Case: Zomba Enters., Inc. v. Panorama Records, Inc., (U.S. 6th Circuit Court of Appeals, June 26, 2007, No. 06-5013, 06-5266)

The One Sentence Summary: A copyright statutory damages award against a seller of karaoke discs was affirmed over fair use and due process objections.

Sixth Circuit Holdings:
  • Karaoke discs were not "fair use" under the copyright act. The discs were not transformative, and the claim that they were used for teaching failed. The transformation factor focuses on the nature of the copying, not the nature of the end use, and the commercial purpose in creating the disc favored plaintiff in the fair use analysis.
  • Pop songs are at the core of copyright protection, so the "nature of the work"factor of fair use favored plaintiff.
  • The "amount of the work" copied factor favored plaintiff.
  • As to the fourth fair use factor, effect on the market, Defendant's use would hurt plaintiff''s ability to license into the karaoke market.
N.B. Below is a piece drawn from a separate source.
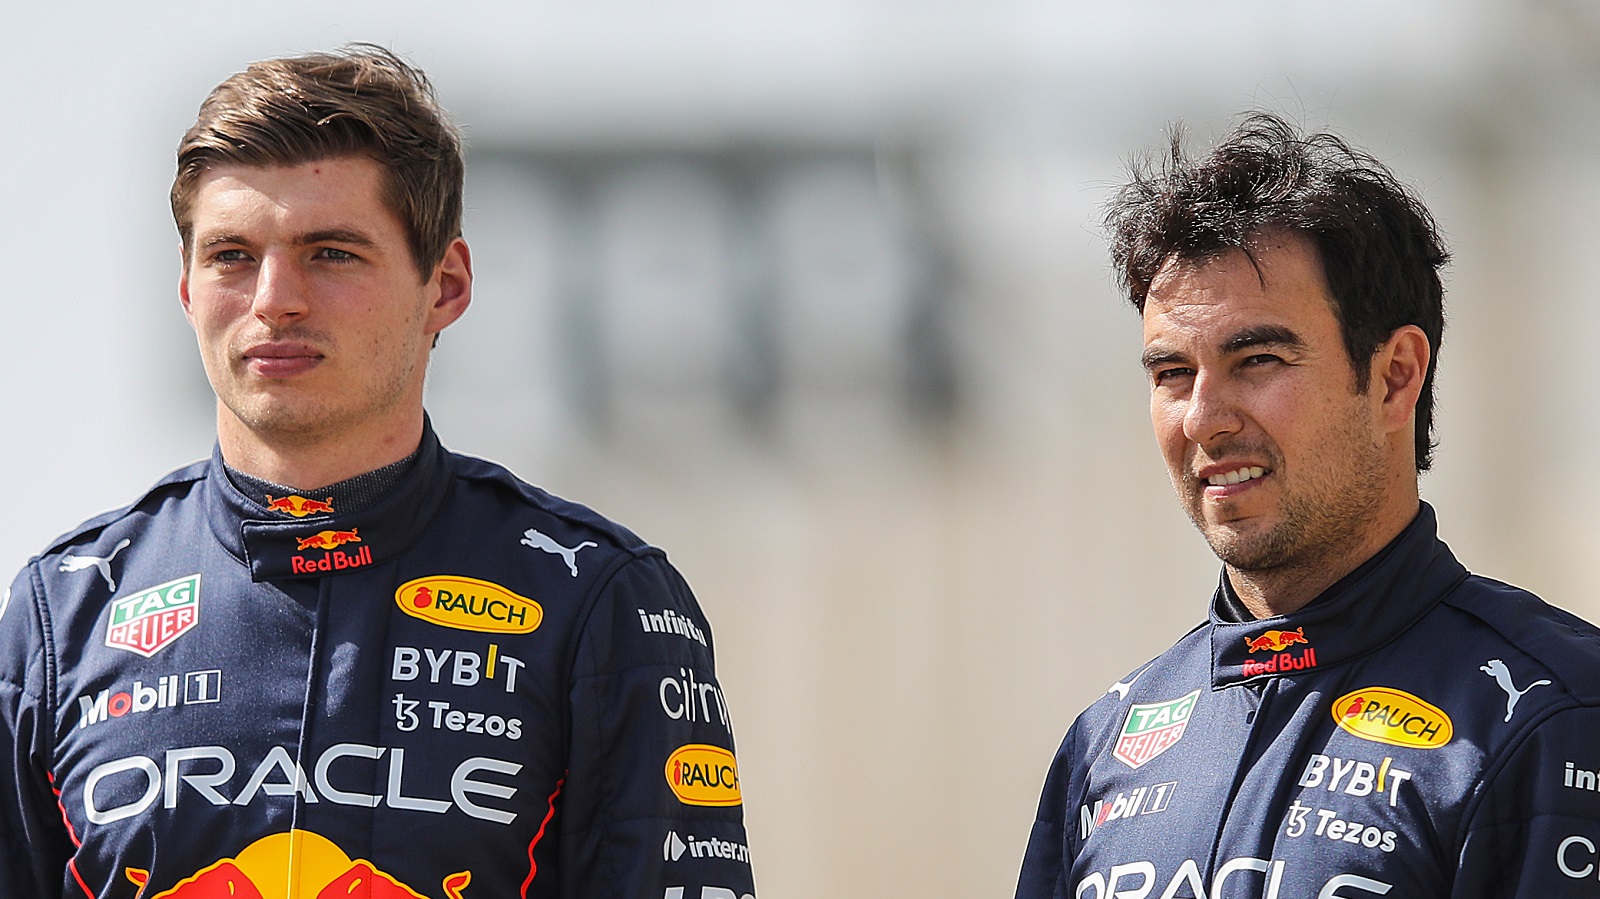 Max Verstappen of the Netherlands and Sergio Perez of Mexico pose for a photo during Formula 1 testing at Bahrain International Circuit on March 10, 2022.

  • Defendant's infringement was willful because it acted with a reckless disregard of plaintiff's copyrights and its belief in its fair use defense was objectively unreasonable and unfounded after it entered into and then violated a consent order prohibiting it from distributing disks.
  • The district court did not err in awarding statutory damages of $31,000 for each of the 27 infringed works.
  • The award of statutory damages that exceeded actual damages by a factor of 44:1 did not violate due process.
  • An award of attorneys' fees to plaintiff was proper.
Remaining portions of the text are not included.